## Aim of the task
Reproduce the listing below exactly, except for its pictures.

## Dataset extract
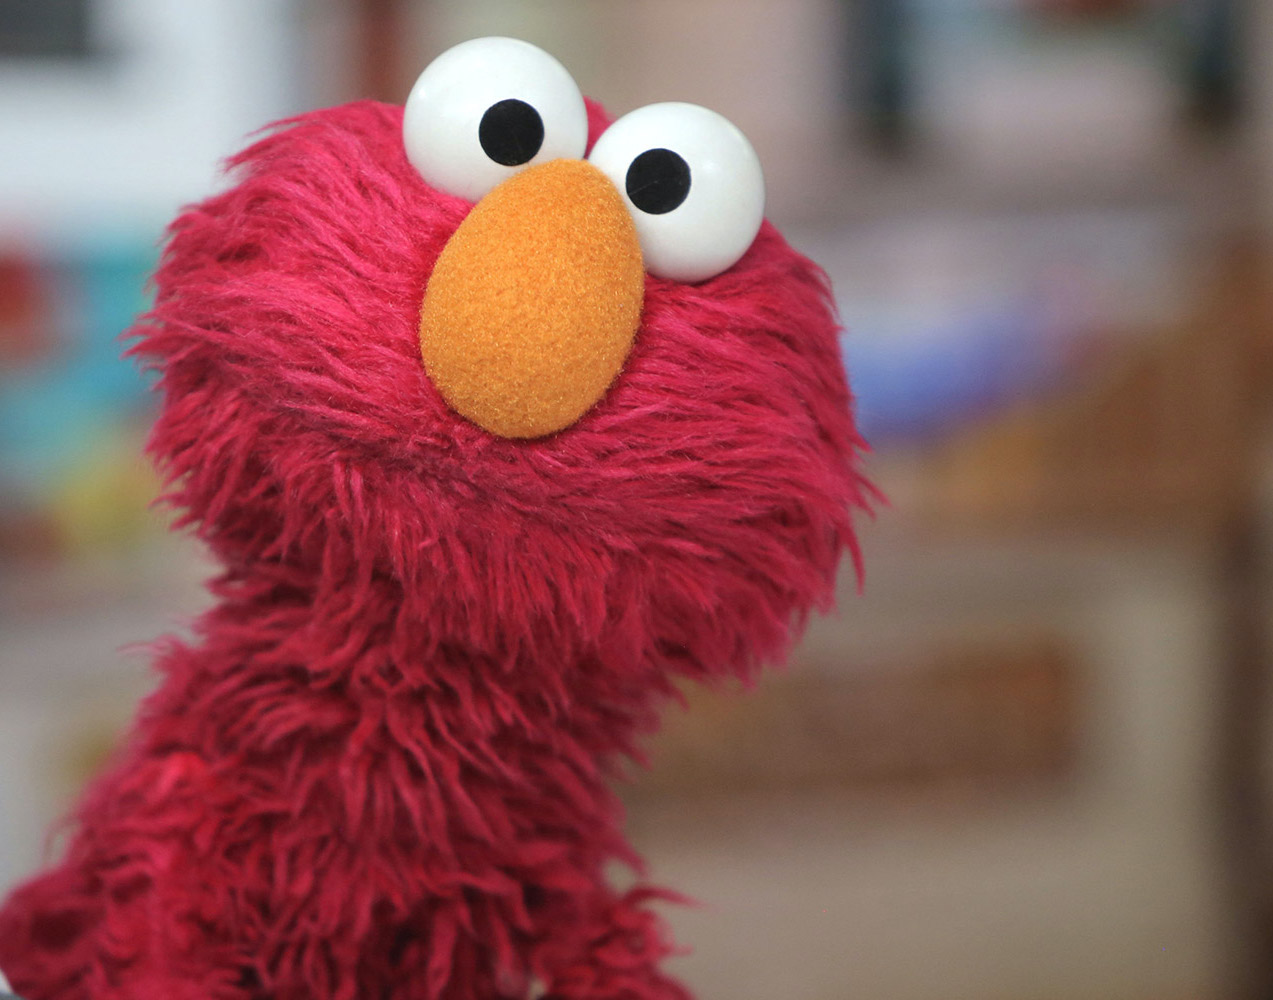 EL_S_TH H__ST_ON appears as the Sesame Street character Elmo
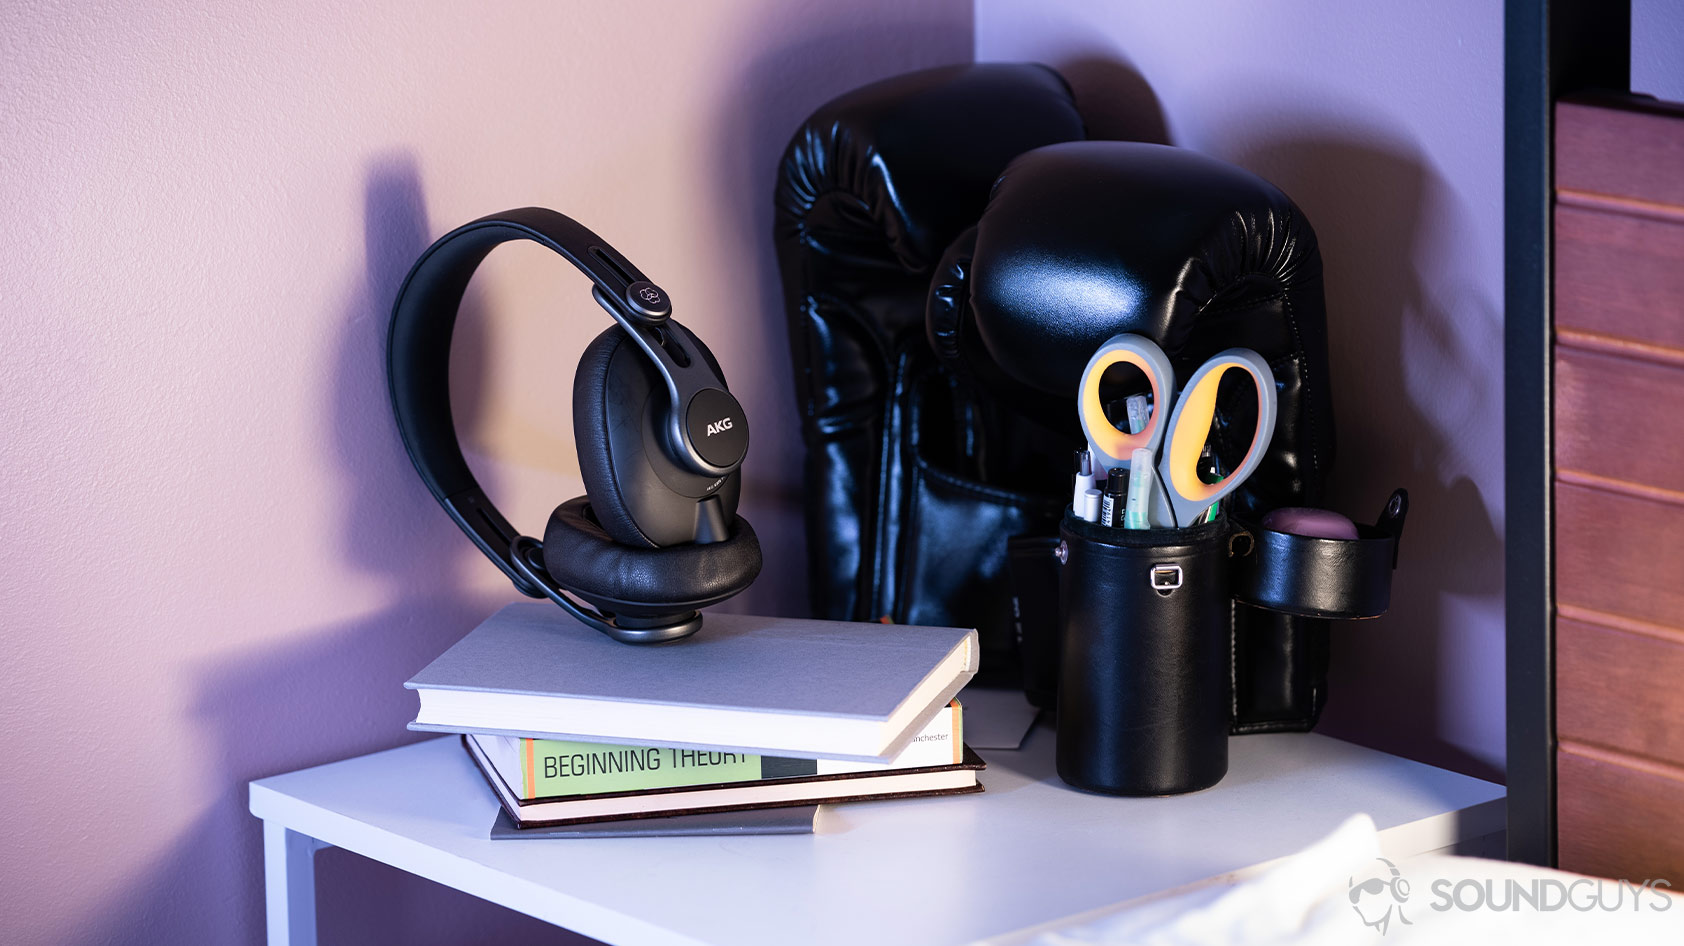 A picture of the AKG K371 wired over-ear headphones on a nightstand in front of boxing gloves.
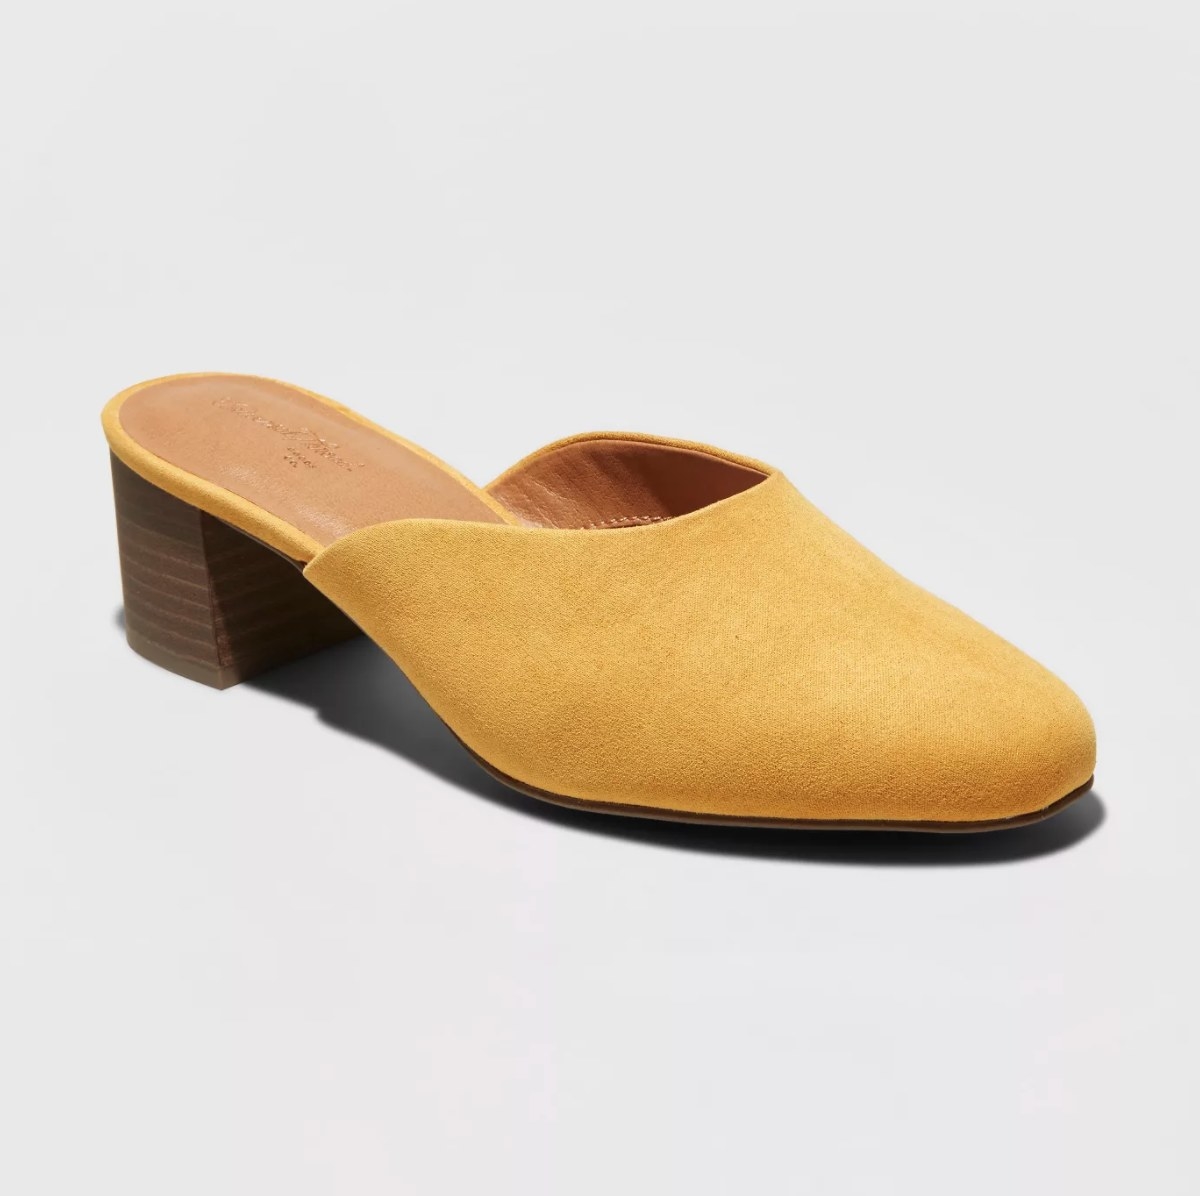 the microsuede yellow mules

## Result of the exercise
 EL_S_TH H__ST_ON appears as the Sesame Street character Elmo
 A picture of the AKG K371 wired over-ear headphones on a nightstand in front of boxing gloves.
 the microsuede yellow mules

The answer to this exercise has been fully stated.